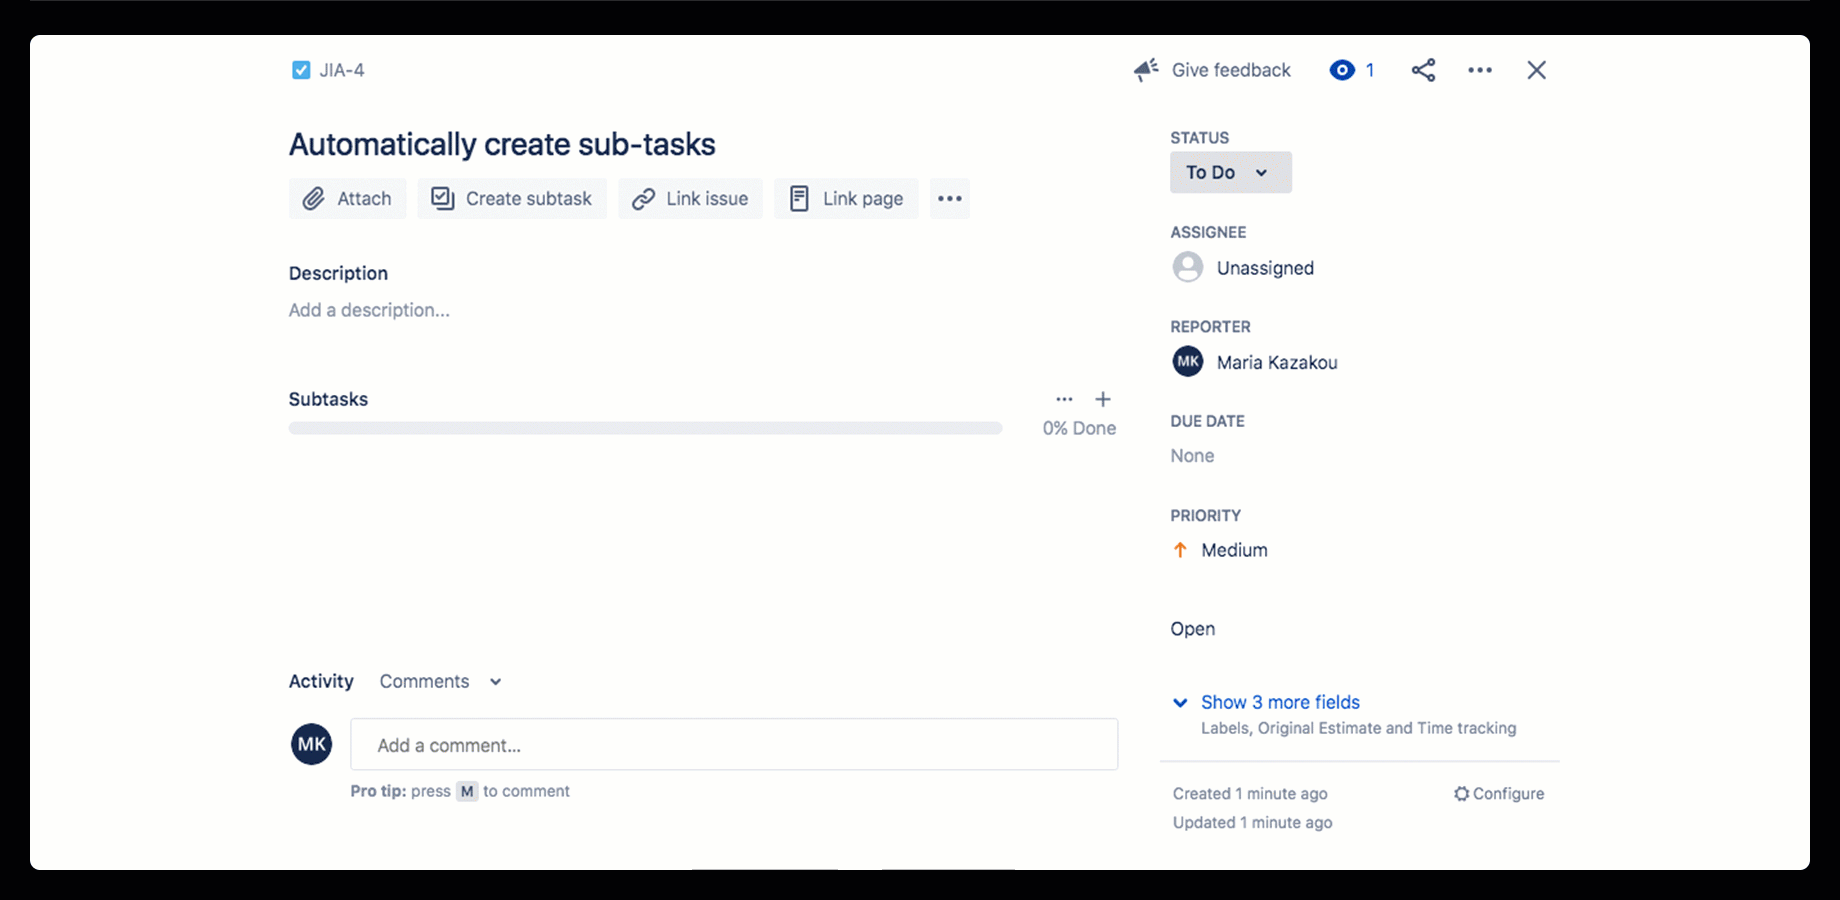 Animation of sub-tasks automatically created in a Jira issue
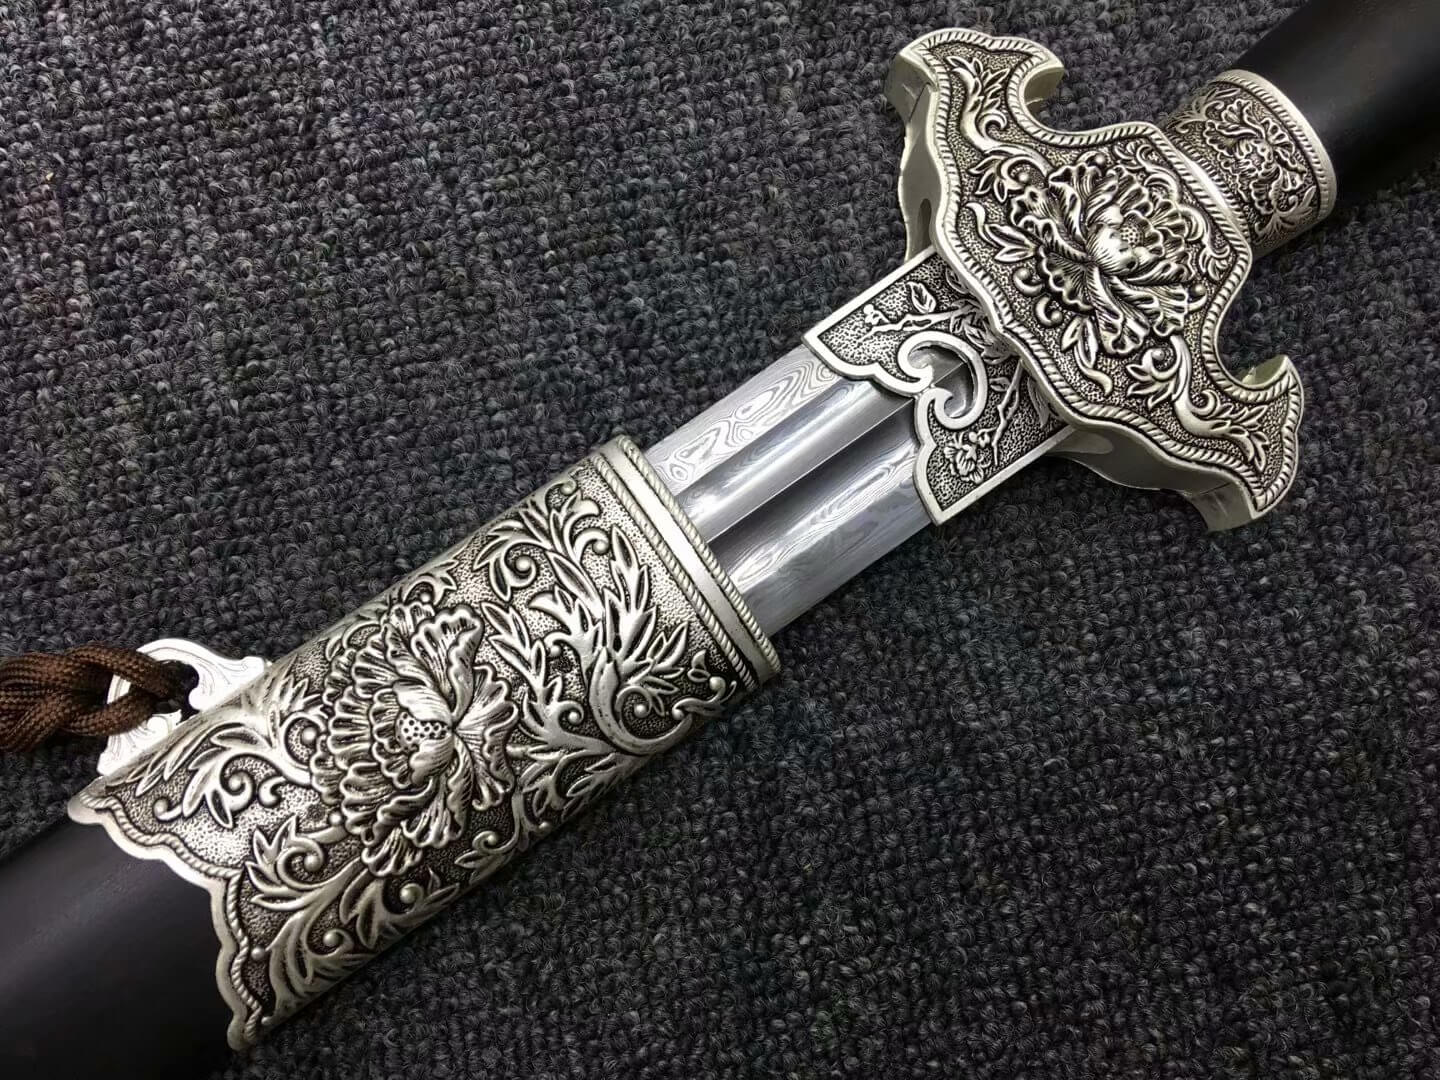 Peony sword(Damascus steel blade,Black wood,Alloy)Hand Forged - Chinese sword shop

______________________________

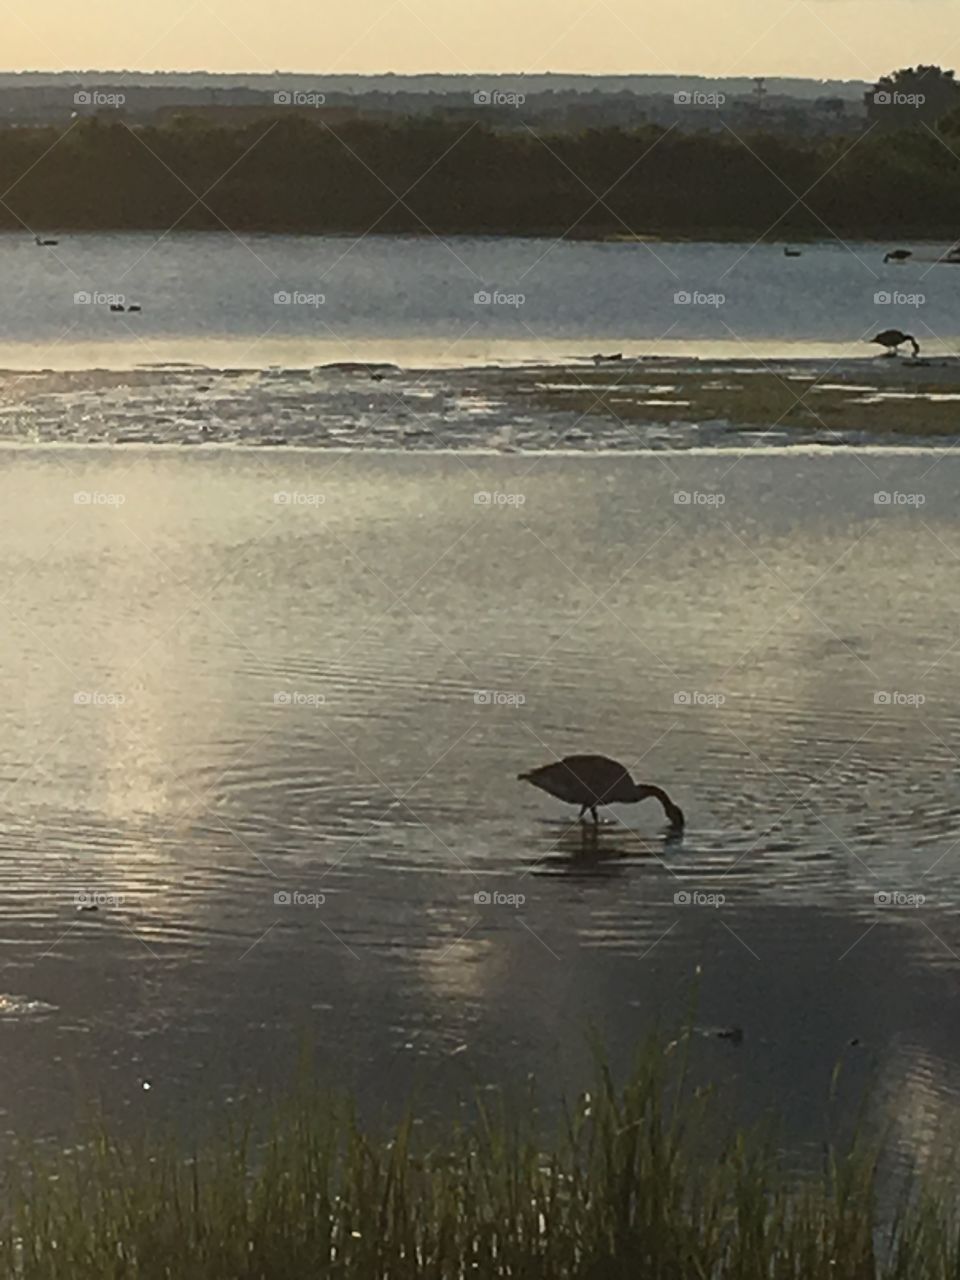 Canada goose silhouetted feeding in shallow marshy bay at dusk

______________________________

**Work instructions**
Once the line with "Animation of sub-tasks" is found above, print it and every line after it through the line with "Peony sword(Damascus steel", exactly. Pictures stay out.

**Result of this exercise**
 Animation of sub-tasks automatically created in a Jira issue
 Peony sword(Damascus steel blade,Black wood,Alloy)Hand Forged - Chinese sword shop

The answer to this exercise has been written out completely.